Door 6 does not have a visualized match incident, but a Laws of the Game question for you. How would you answer if you were asked this in a test?


"You are refereeing an intense derby. Everything has been under your full control so far. Due to some goals and injuries, you award three minutes of additional time. The score is 1:2 for the away team. The home players try everything to score the late equalizer. The seconds are running down and you will surely get a good assessment. Already at 90+2:40. A last attempt for the home side. One of their midfielders precisely passes the ball into the penalty area. Another attacker is about to reach the ball 5 metres in front of the goalkeeper and only has to deflect the ball with his shoe in order to score the relatively sure goal. A defender seems to believe he has no other choice except pushing the attacker to ground to thus deny the obvious goal-scoring opportunity with the ball having only been 2 metres away at the moment of the foul.

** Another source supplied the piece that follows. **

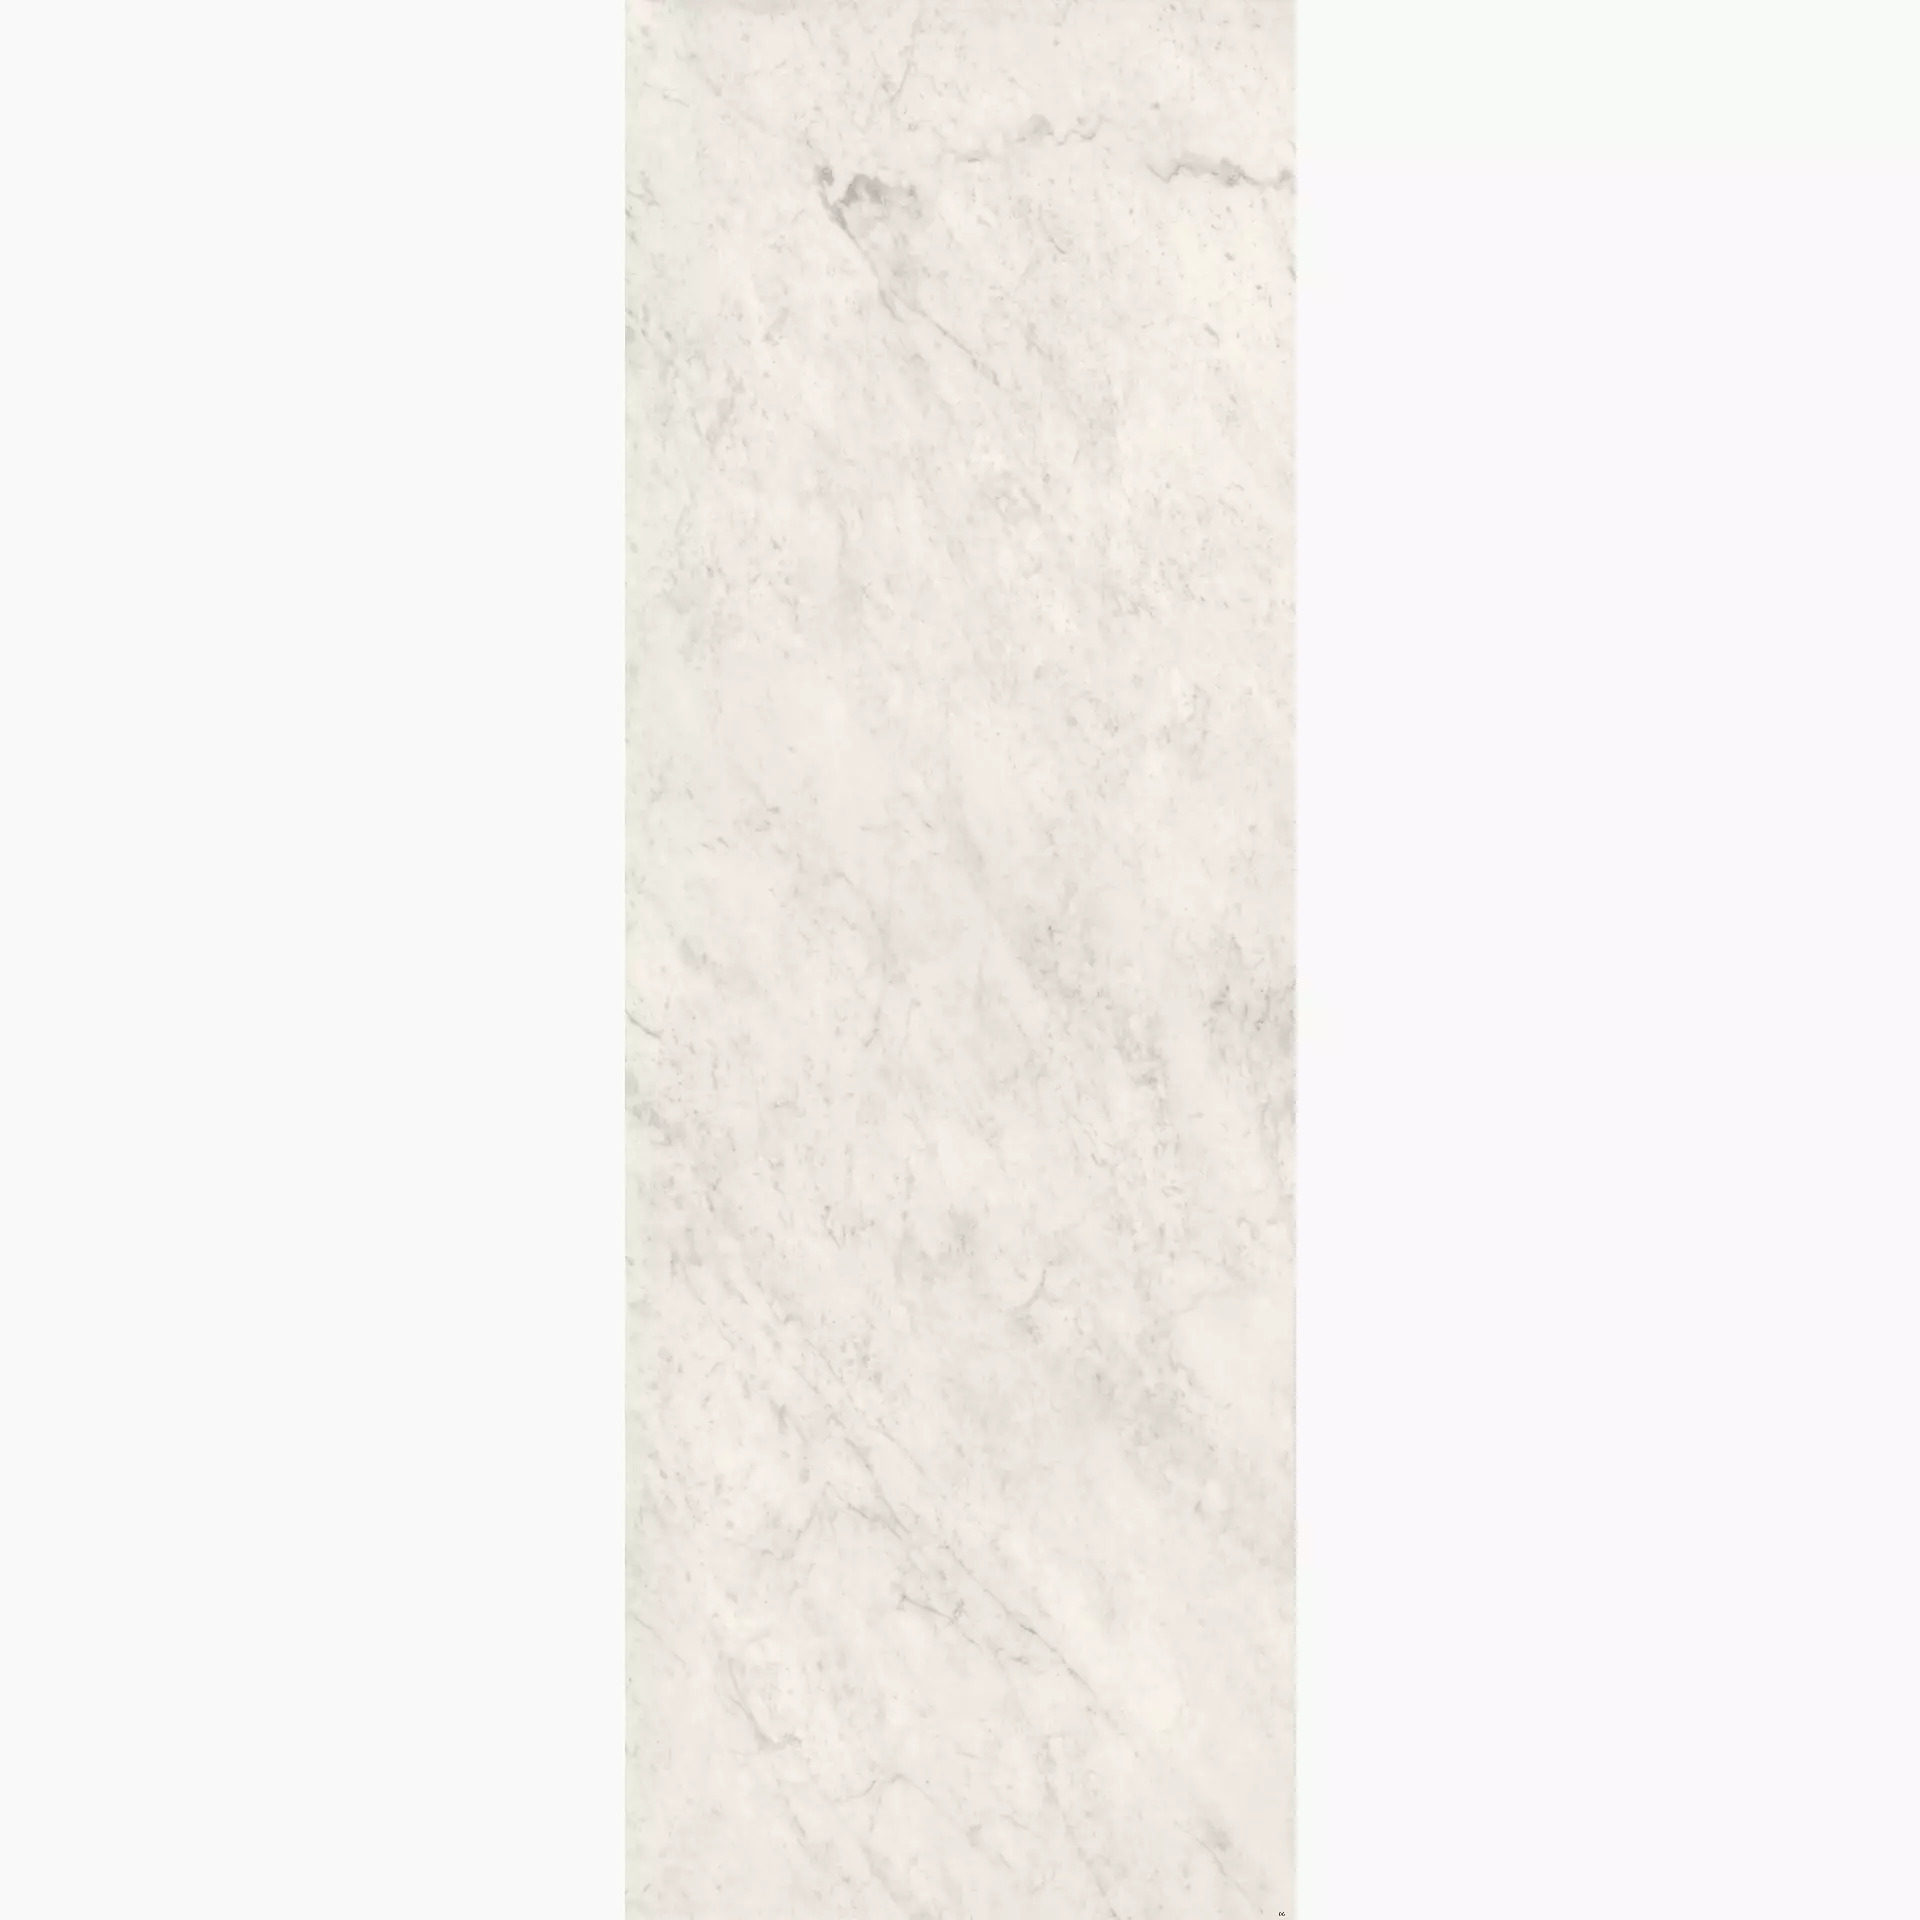 Cottodeste Kerlite Starlight Carrara White Smooth Protect EK7SL30 100x300cm rectified 3,5mm
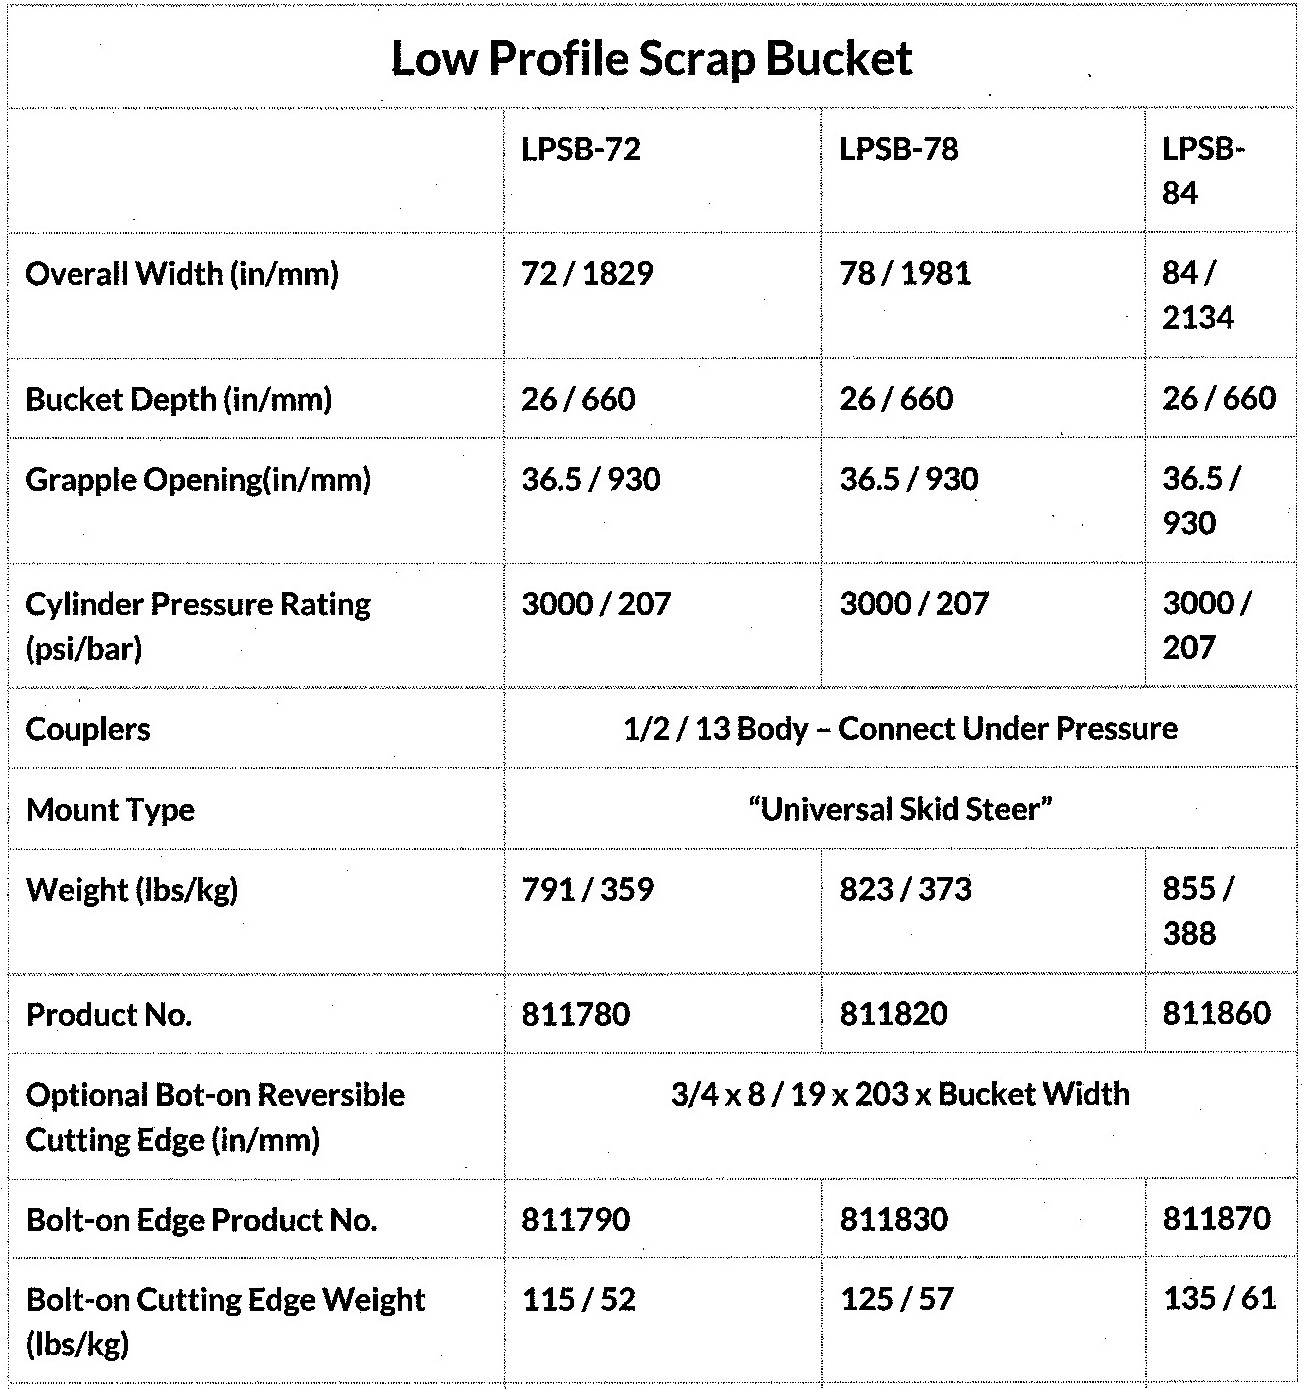 Specifications For Skid Steer Mount, Low Profile Scrap Bucket

You immediately blow your whistle, point to the spot and raise the red card for the defender when you suddenly notice your assistant referee is making some steps onto the field and wants to talk with you.

Having gone out to him, you ask: 'What's up?' He replies: 'He was offside. The attacker, I mean. He was offside.'"

What do you do?

Solution

First of all: You theoretically can change your decision until play has been re-started. Good referees put the correct decision above having been correct in the first place themselves. So: Never hesitate to change a decision based on new facts.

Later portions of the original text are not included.